Available records -

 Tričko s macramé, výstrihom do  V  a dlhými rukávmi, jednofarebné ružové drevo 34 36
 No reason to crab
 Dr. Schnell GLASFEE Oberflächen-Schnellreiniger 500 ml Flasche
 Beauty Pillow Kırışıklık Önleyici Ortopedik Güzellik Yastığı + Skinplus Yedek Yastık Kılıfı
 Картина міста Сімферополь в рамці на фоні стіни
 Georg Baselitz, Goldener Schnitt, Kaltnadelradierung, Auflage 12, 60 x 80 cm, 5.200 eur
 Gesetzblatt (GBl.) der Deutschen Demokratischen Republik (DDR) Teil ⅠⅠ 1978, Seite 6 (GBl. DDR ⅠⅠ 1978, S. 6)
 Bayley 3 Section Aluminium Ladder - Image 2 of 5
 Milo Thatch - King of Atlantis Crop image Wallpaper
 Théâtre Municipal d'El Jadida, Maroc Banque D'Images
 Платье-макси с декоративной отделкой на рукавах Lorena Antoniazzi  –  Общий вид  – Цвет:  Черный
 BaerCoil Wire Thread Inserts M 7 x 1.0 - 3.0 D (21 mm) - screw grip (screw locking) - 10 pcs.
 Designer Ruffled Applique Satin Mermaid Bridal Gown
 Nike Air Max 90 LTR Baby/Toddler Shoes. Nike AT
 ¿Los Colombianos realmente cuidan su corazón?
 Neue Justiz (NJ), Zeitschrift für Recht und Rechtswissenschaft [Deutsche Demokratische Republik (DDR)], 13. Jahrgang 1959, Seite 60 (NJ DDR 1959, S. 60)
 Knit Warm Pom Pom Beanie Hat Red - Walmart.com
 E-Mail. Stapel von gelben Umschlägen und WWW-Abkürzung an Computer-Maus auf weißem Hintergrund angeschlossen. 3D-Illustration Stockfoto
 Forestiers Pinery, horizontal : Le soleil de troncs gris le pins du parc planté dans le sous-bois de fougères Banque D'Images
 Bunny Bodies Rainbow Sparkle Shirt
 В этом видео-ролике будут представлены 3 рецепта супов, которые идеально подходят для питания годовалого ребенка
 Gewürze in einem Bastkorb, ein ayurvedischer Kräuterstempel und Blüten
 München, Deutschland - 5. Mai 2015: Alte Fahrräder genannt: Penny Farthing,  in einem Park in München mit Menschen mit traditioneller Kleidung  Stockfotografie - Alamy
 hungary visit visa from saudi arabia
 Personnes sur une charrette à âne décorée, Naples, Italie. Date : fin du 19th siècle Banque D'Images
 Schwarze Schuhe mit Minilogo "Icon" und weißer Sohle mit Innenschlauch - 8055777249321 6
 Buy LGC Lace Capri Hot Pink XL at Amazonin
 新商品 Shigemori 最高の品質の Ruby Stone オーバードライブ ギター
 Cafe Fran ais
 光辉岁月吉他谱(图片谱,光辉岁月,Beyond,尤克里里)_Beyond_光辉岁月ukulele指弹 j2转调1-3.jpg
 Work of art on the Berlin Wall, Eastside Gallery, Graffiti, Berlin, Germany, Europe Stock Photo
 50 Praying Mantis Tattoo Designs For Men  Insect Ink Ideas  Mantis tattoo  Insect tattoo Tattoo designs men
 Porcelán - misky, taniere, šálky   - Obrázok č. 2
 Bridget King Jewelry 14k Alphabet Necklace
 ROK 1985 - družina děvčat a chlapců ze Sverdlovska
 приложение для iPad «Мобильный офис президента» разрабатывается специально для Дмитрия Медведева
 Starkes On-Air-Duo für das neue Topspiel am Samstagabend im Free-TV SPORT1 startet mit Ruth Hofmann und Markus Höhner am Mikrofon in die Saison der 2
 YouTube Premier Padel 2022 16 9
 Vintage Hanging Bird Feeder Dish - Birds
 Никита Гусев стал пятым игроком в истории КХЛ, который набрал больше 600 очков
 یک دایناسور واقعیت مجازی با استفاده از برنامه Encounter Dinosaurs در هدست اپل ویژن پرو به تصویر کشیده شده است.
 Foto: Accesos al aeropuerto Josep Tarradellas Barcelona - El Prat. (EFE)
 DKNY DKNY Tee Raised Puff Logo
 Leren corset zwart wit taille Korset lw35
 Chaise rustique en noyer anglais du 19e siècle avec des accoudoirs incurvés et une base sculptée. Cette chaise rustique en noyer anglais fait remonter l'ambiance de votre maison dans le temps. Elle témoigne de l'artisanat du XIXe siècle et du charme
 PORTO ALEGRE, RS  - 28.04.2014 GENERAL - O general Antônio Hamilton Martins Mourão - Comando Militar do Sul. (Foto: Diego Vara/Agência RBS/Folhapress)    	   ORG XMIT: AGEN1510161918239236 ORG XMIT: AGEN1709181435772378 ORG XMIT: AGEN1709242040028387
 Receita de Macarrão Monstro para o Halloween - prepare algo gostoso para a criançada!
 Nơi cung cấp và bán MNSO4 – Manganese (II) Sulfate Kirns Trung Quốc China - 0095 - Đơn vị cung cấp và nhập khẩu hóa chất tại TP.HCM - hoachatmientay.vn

Your goal -
Return the span of lines in the data above that opens at the line with "E-Mail. Stapel von" and closes at the line with "Bunny Bodies Rainbow Sparkle Shirt", exactly, ends included, nothing else.

Result -
 E-Mail. Stapel von gelben Umschlägen und WWW-Abkürzung an Computer-Maus auf weißem Hintergrund angeschlossen. 3D-Illustration Stockfoto
 Forestiers Pinery, horizontal : Le soleil de troncs gris le pins du parc planté dans le sous-bois de fougères Banque D'Images
 Bunny Bodies Rainbow Sparkle Shirt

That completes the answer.